Il Savona, invece, continuò nei suoi alti e bassi fino ad arrivare all’ultima giornata bisognoso dei due punti sul campo del già salvo Derthona: a Tortona salirono circa 3.000 tifosi. Per portarli in trasferta vennero requisiti pullman in tutta la provincia; quando la marea di mezzi arrivò nella cittadina piemontese, provocò il collasso della viabilità verso lo stadio, situato in cima ad una collina servita da strette stradine. In un modo o nell’altro la situazione venne risolta e il Savona giocò l’ultima partita del torneo praticamente in casa. Da ricordare i tifosi più o meno nascosti dietro alle siepi intorno al campo di atletica e impazienti di festeggiare la salvezza già un quarto d’ora prima del fischio finale.
Il Savona mantenne quindi la categoria, riuscite ad indovinare a spese di chi? Ma della Massese, naturalmente: la vendetta è un piatto che si consuma freddo…

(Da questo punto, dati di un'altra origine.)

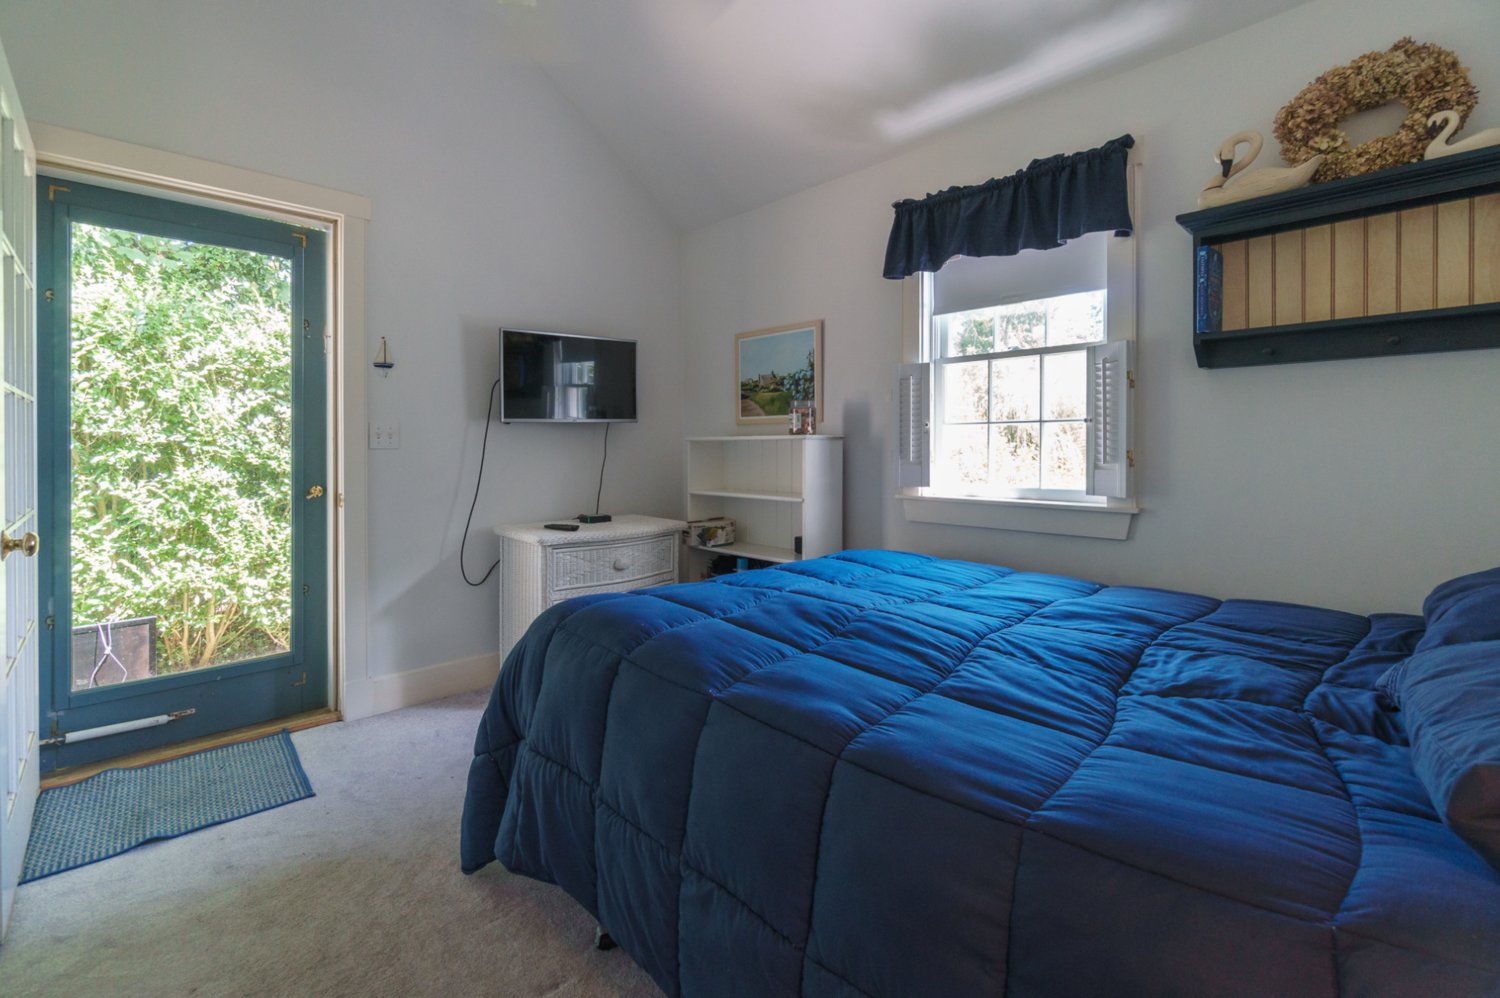 Each of the home’s two bedrooms have high ceilings and an en-suite bathroom.

In un campionato del genere non ci fu solo la storia del Savona a tenere banco: alla fine delle 34 giornate appaiate al secondo posto, che garantiva anch’esso la promozione in C1, c’erano ben 5 squadre! Montevarchi, Cerretese, Carrarese, Sangiovannese e Imperia chiusero tutte a 41 punti.
Con una decisione che fece discutere, la Federazione, invece di considerare gli scontri diretti o almeno la differenza reti, decise di organizzare un minitorneo a cinque con partite di sola andata, in cui tutti avrebbero giocato due volte in casa e due fuori. Cosa si verificò alla fine del gironcino? La più assurda delle situazioni: di nuovo tutte le squadre appaiate con gli stessi punti!
Si era alle soglie di Luglio e la Cerretese, economicamente più debole, decise di rinunciare al “girone di ritorno”. Vennero così organizzati scontri ad eliminazione diretta che videro finalmente promosso il Montevarchi dopo un’estenuante maratona.